Dit is duidelijk te merken op onderstaande bewerkte afbeelding. Elke groep is in een andere kleur voorgesteld. Bemerk de tetraëderstructuur die voorgesteld wordt door de blauwe lijnen.

Melkzuur bestaat dus als twee verschillende spiegelbeeld-isomeren of enantiomeren.

(-) melkzuur
(+) melkzuur

Spiegelbeeld-isomeren (optische isomeren/enantiomeren) zijn optisch actief.

Dit betekent dat ze het vlak van gepolariseerd licht doen draaien over een bepaalde hoek.

Wat is gepolariseerd licht?
Bij normaal licht zijn er oneindig veel trillingsvlakken waarin men zich de lichtgolf (elektromagnetische golf) kan voorstellen.
Bepaalde kristallen en filters (b.v. een polaroïd-zonnebril) bezitten het vermogen om uitsluitend de componenten van het licht in één trillingsvlak door te laten. Men bekomt dan gepolariseerd licht.
De golven in een bundel gepolariseerd licht liggen in evenwijdige vlakken. De filter die we daarvoor gebruiken noemen we de polarisator (Engels: polarizer, polarizing filter).
Als dit gepolariseerd licht op een tweede identieke filter terechtkomt, hangt de nu doorgelaten hoeveelheid licht af van de stand van deze analysator. Als de analysator loodrecht staat op de polarisator is er totale uitdoving (volledig geblokkeerd licht).
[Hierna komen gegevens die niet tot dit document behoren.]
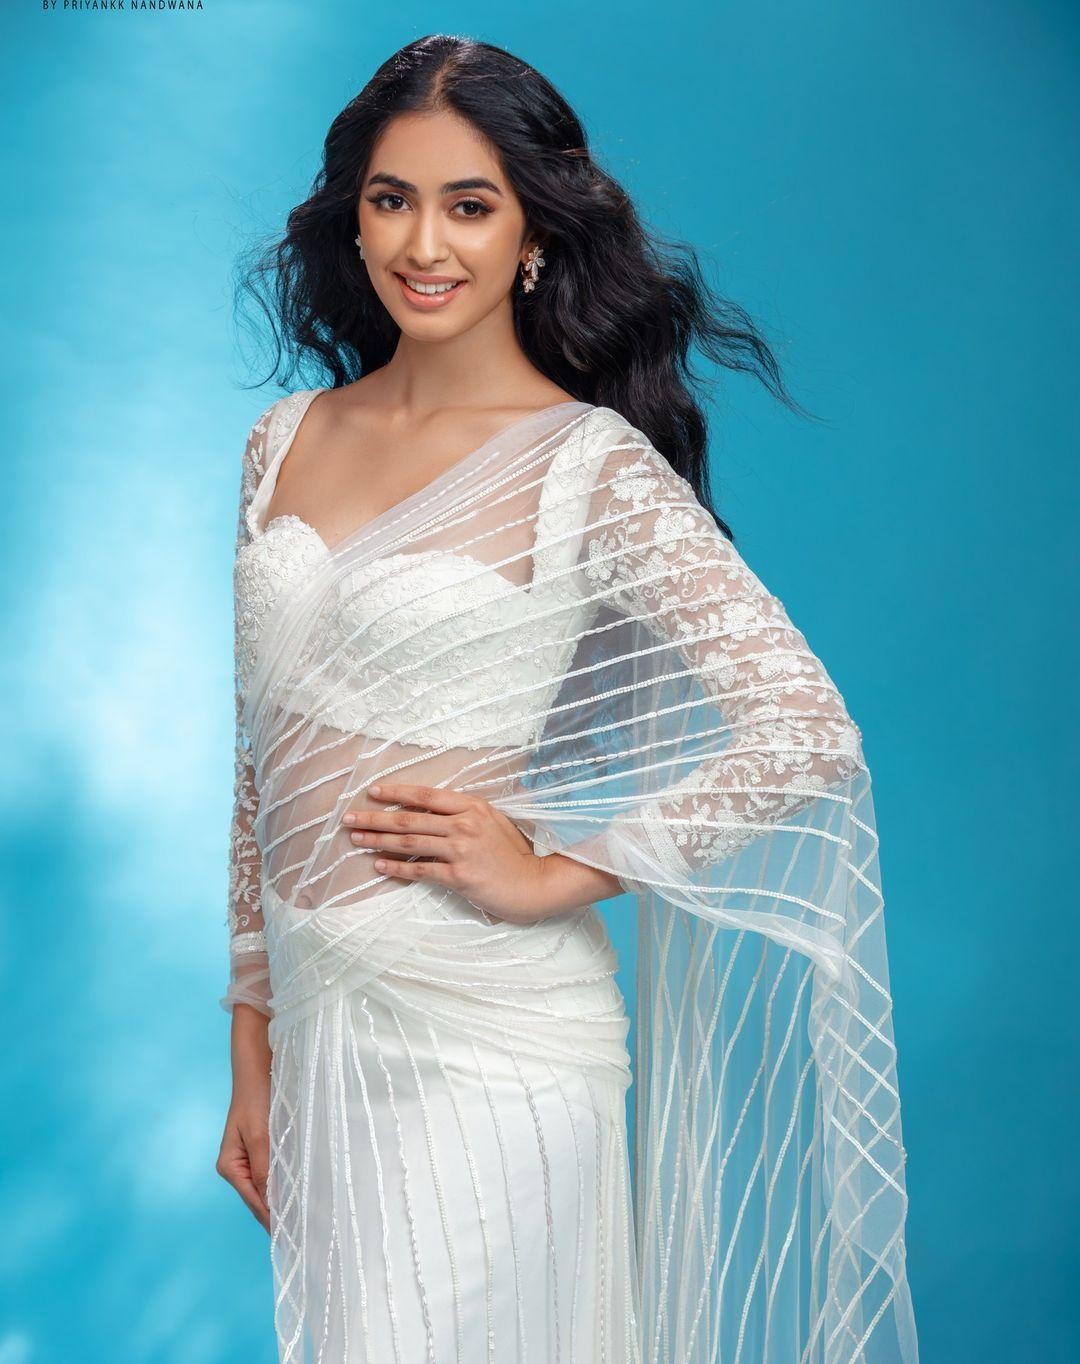 Nhan sắc ngọt ngào, quyến rũ của nữ vũ công vừa đăng quang Hoa hậu Ấn Độ 2022-9

Wat is nu optische activiteit?

Als men nu tussen de polarisator en de analysator een optisch actieve stof brengt dan zal deze het polarisatievlak doen draaien over een zekere hoek. Er komt dan terug licht door de analysator!!

de (+) isomeer veroorzaakt een rotatie van het polarisatievlak naar rechts
de (-) isomeer veroorzaakt een rotatie van het polarisatievlak naar links

Om opnieuw de oorspronkelijk uitdoving te bekomen moet de analysator over een zekere hoek gedraaid worden. Als men de analysator naar links moet draaien om opnieuw maximale uitdoving te bekomen, wijst dit erop dat het polarisatievlak door de oplossing gedraaid werd, en wel naar links.

Optisch actieve stoffen hebben de eigenschap het vlak van gepolariseerd licht te doen draaien over een bepaalde hoek.

Vele biomoleculen zijn optisch actief.

Zo bevatten alle α-aminozuren een asymmetrisch C-atoom. In de natuur komt van deze aminozuren slechts één spiegelbeeld-isomeer van de twee voor.